- Manchester England

Information
- Type: Academy
- Motto: Work hard, have integrity, be kind
- Established: January 1st 2022
- Trust: Dixons Academy Trust
- Department for Education URN: 148965 Tables
- Ofsted: Reports
- Head teacher: Kristy Gardner
- Staff: 234
- Gender: all genders
- Age: 11 to 16
- Enrolment: 1030
- Colours: Red and black
- Website: https://www.dixonsat.com/brooklands

= Dixons Brooklands Academy =

Dixons Brooklands Academy, also known as DBK, is a mixed-sex secondary school in Wythenshawe, Manchester, England.

==History==
In 1957, two separate schools opened, West Wythenshawe Technical High School for Girls and West Wythenshawe Technical High School for Boys. The schools' facilities included sports fields, tennis courts, science labs and a library. A statue, commissioned by Mitzi Cunliffe, who designed the Bafta, was erected outside the boys' gymnasium. In 1967, the two schools merged to form Brookway High School comprehensive, with mixed classes.
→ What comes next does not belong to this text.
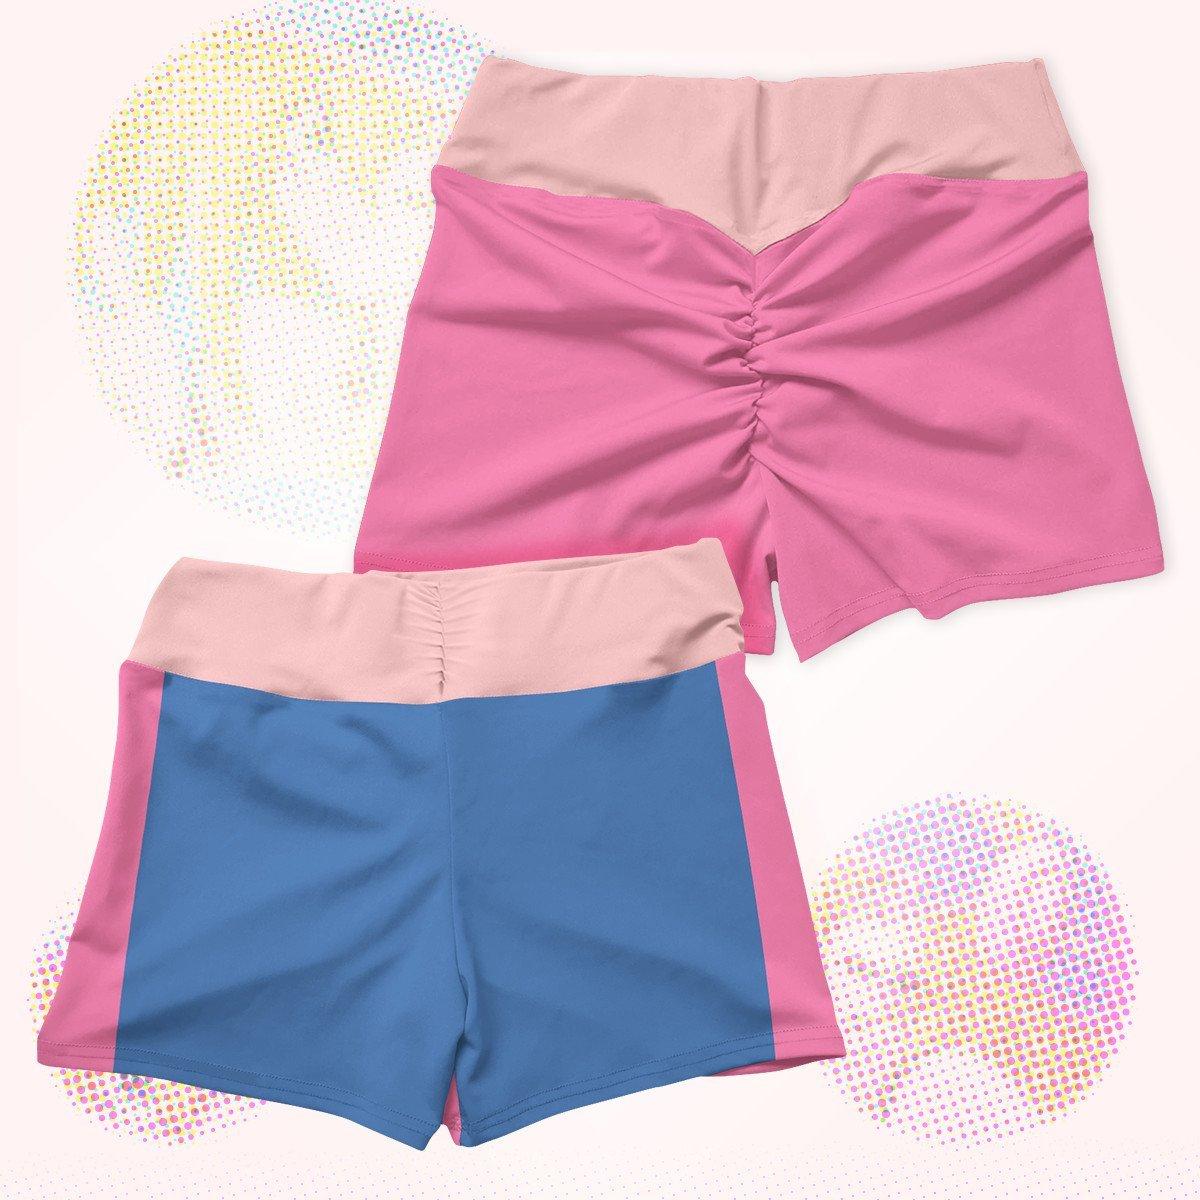 dark magician girl active wear set 931828 - Anime Swimsuits

In 2003, the school was then awarded sports college status and renamed Brookway High School and Sports College. Following this, a £3 million facility was built on the site, featuring two sports halls, three classrooms and a large gym, for use by both the school and the local community.

===Closure and rebuild===
In 2009, Manchester City Council invested almost £200 million to improve the schools in the Manchester area. The original Brookway High School and Sports College/Manchester Health Academy building was demolished and a new £20 million building for Manchester Health Academy was completed in 2010.

In July 2008, Barry Burke, the headteacher at Rhyddings Business and Enterprise School in Oswaldtwistle, was appointed Principal of Manchester Health Academy, taking up his post in January 2009. In August 2013, he retired from his position, being succeeded by Damien Owen.

Following poor results and negative Ofsted inspections, in January 2022 Manchester Health Academy became part of the Dixons Academy Trust and was renamed Dixons Brooklands Academy.

==Facilities==
The academy consists of two buildings; One consisting of 3 floors, and received an extension of an atrium in 2019, where the majority of lessons take place. The other contains the sports hall, assembly hall, and dance studio, being a single storey.

The Academy also features a public library, which is operated by Manchester Library & Information Service.

In 2016, Manchester City Council invited the school to expand its student population. A £10 million transformation of the school's estate saw the addition of a new dining room extension, multi-use games area and FA-standard all-weather pitch, together with a new maths and English building.

Former Manchester United footballer Denis Irwin officially opened the school's new all-weather pitch in November 2017. The new floodlit playing surface complements the school's existing sports facilities.